# 1230edo

← 1229edo | 1230edo | 1231edo → |

**1230 equal divisions of the octave** (abbreviated **1230edo** or **1230ed2**), also called **1230-tone equal temperament** (**1230tet**) or **1230 equal temperament** (**1230et**) when viewed under a regular temperament perspective, is the tuning system that divides the octave into 1230 equal parts of about 0.976 ¢ each. Each step represents a frequency ratio of 2^{1/1230}, or the 1230th root of 2.

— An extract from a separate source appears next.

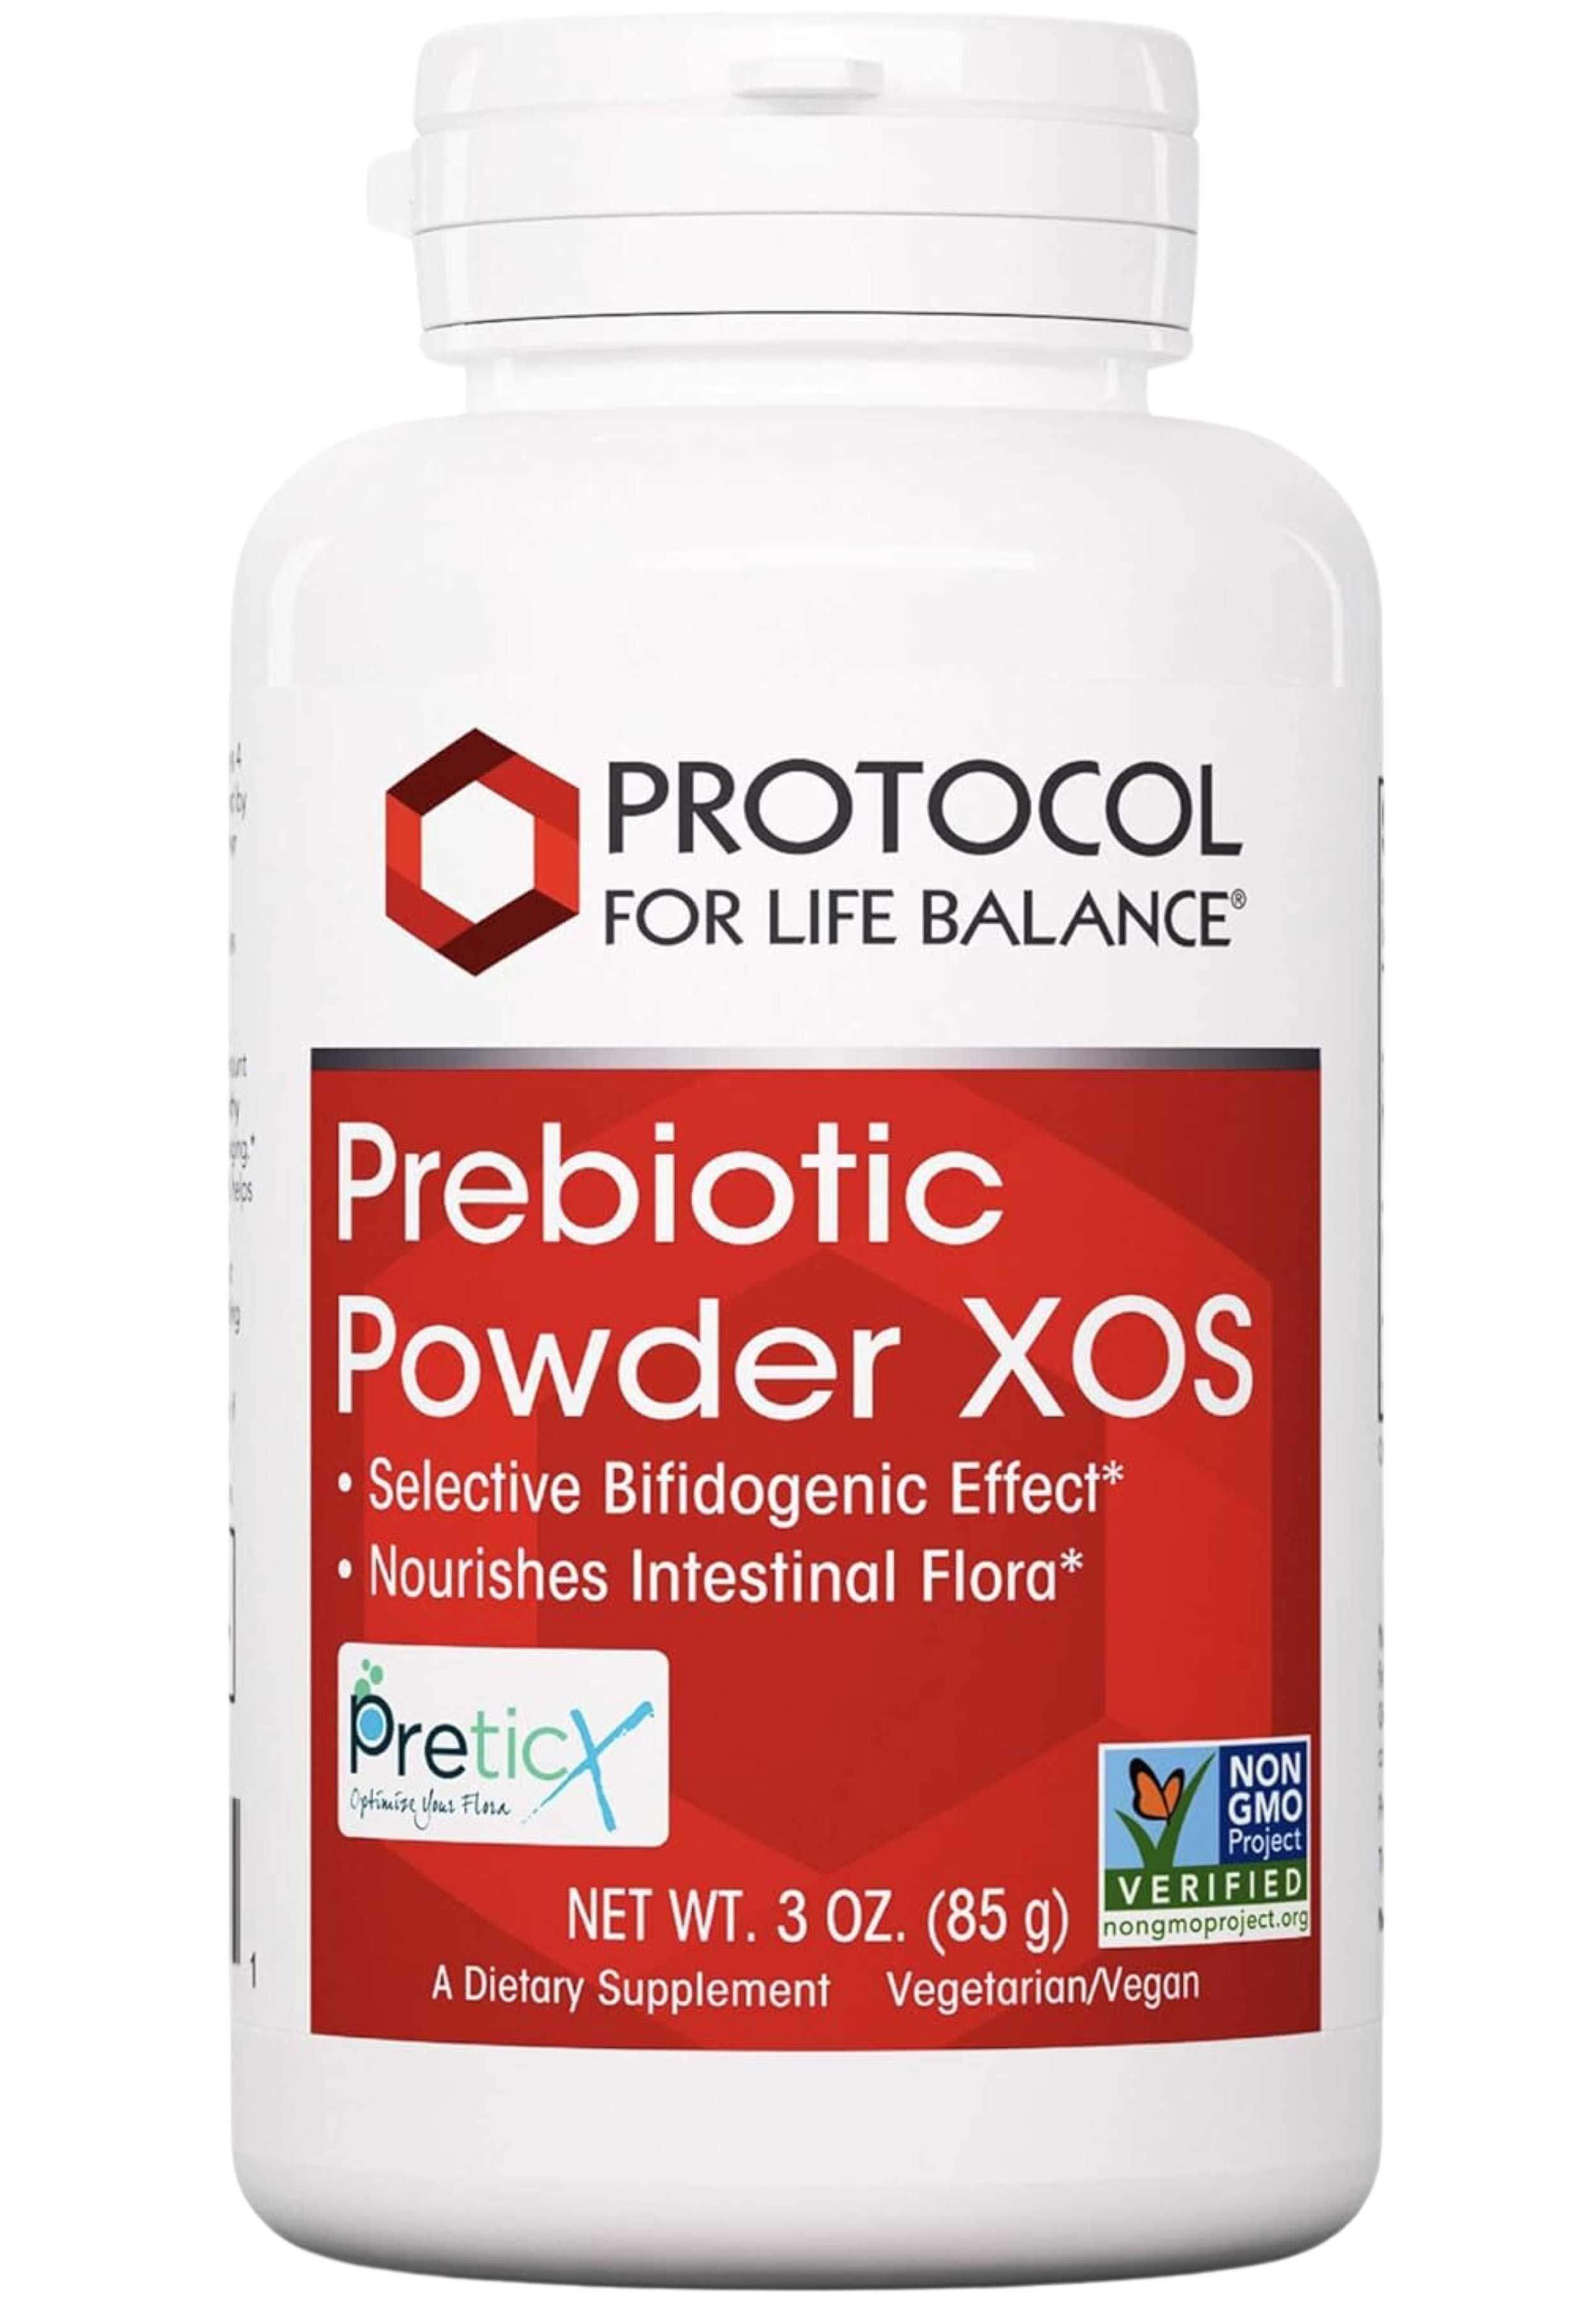 Protocol for Life Balance Prebiotic Powder XOS

1230edo is consistent to the 5-odd-limit, but harmonic 3 is about halfway between its steps. As every other step of 2460edo, it is excellent in approximating harmonics 5, 7, 9, 11, 19, and 23, making it suitable for a 2.9.5.7.11.19.23 subgroup interpretation, on which it is identical to 2460edo.

### Odd harmonics

Harmonic | 3 | 5 | 7 | 9 | 11 | 13 | 15 | 17 | 19 | 21 | 23 | |
---|---|---|---|---|---|---|---|---|---|---|---|---|

Error | Absolute (¢) | +0.484 | +0.028 | -0.045 | -0.008 | -0.098 | +0.448 | -0.464 | +0.410 | +0.048 | +0.439 | +0.018 |

Relative (%) | +49.6 | +2.8 | -4.7 | -0.8 | -10.1 | +45.9 | -47.5 | +42.1 | +4.9 | +45.0 | +1.9 | |

Steps (reduced) |
1950 (720) |
2856 (396) |
3453 (993) |
3899 (209) |
4255 (565) |
4552 (862) |
4805 (1115) |
5028 (108) |
5225 (305) |
5403 (483) |
5564 (644) |

### Miscellaneous properties

1230edo could be called a "highly Kartvelian edo" because it supports the largest number of scales dividing its patent val 4/3 and 3/2 into even parts relative to its size. See Kartvelian scales.

### Subsets and supersets

Since 1230 factors into 2 × 3 × 5 × 41, 1230edo has subset edos 2, 3, 5, 6, 10, 15, 30, 41, 82, 123, 205, 246, 410, and 615. A step of 1230edo is exactly 2 minas (2\2460).